Molecular Docking and Interaction Studies of Identified Abscisic Acid Receptors in Oryza sativa: An In-Silico Perspective on Comprehending Stress Tolerance Mechanisms

Abiotic stresses affect plants in several ways and as such, phytohormones such as abscisic acid (ABA) play an important role in conferring tolerance towards these stresses. Hence, to comprehend the role of ABA and its interaction with receptors of the plants, a thorough investigation is essential.The current study aimed to identify the ABA receptors in Oryza sativa, to find the receptor that binds best with ABA and to examine the mutations present to help predict better binding of the receptors with ABA.Protein sequences of twelve PYL (Pyrabactin resistance 1) and seven PP2C (type 2C protein phosphatase) receptors were retrieved from the Rice Annotation Project database and their 3D structures were predicted using RaptorX. Protein-ligand molecular docking studies between PYL and ABA were performed using AutoDock 1.5.6, followed by 100ns molecular dynamic simulation studies using Desmond to determine the acceptable conformational changes after docking via root mean square deviation RMSD plot analysis. Protein-protein docking was then carried out in three sets: PYL-PP2Cs, PYL-ABA-PP2C and PYL(mut)-ABA-PP2C to scrutinize changes in structural conformations and binding energies between complexes. The amino acids of interest were mapped at their respective genomic coordinates using SNP-seek database to ascertain if there were any naturally occurring single nucleotide polymorphisms (SNPs) responsible for triggering rice PYLs mutations.Initial protein-ligand docking studies revealed good binding between the complexes, wherein PYL6-ABA complex showed the best energy of -8.15 kcal/mol. The 100ns simulation studies revealed changes in the RMSD values after docking, indicating acceptable conformational changes.
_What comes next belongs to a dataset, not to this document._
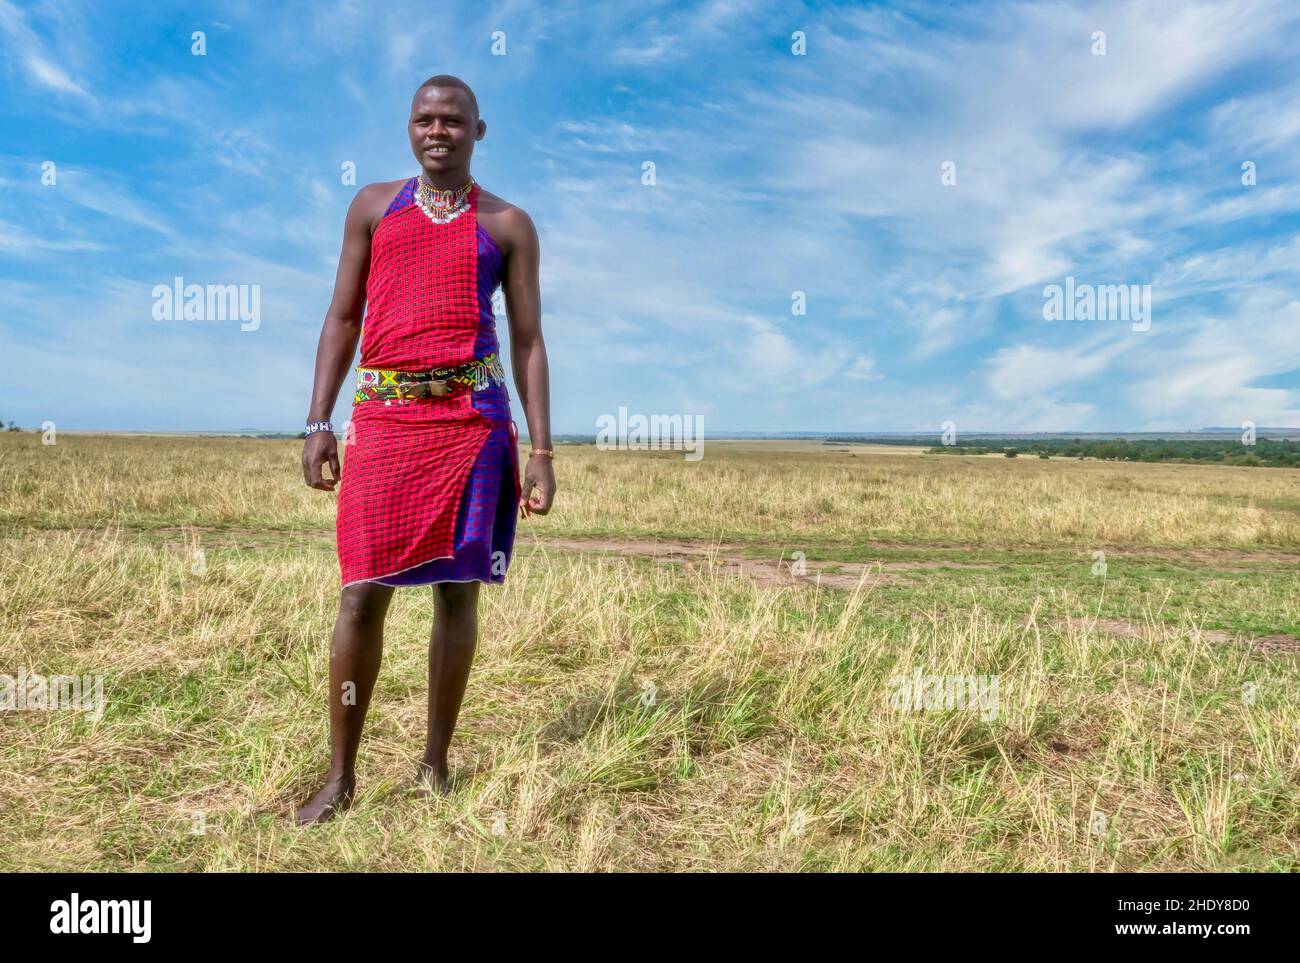 Masai Mara, Kenya - Sept. 29, 2013. A male member of the Maasai tribe wears traditional clothing and jewelry, with a wide shot of the landscape. Stock Photo

Furthermore, mutagenesis study performed at specific PYL-ABA interacting residues followed by downstream PYL(mut)-ABA-PP2C protein-protein docking results after induction of mutations demonstrated binding energy of -8.17 kcal/mol for PP2C79-PYL11-ABA complex. No naturally occurring SNPs that were responsible for triggering rice PYL mutations were identified when specific amino acid coordinates were mapped at respective genomic coordinates.Thus, the present study provides valuable insights on the interactions of ABA receptors in rice and induced mutations in PYL11 that can enhance the downstream interaction with PP2C.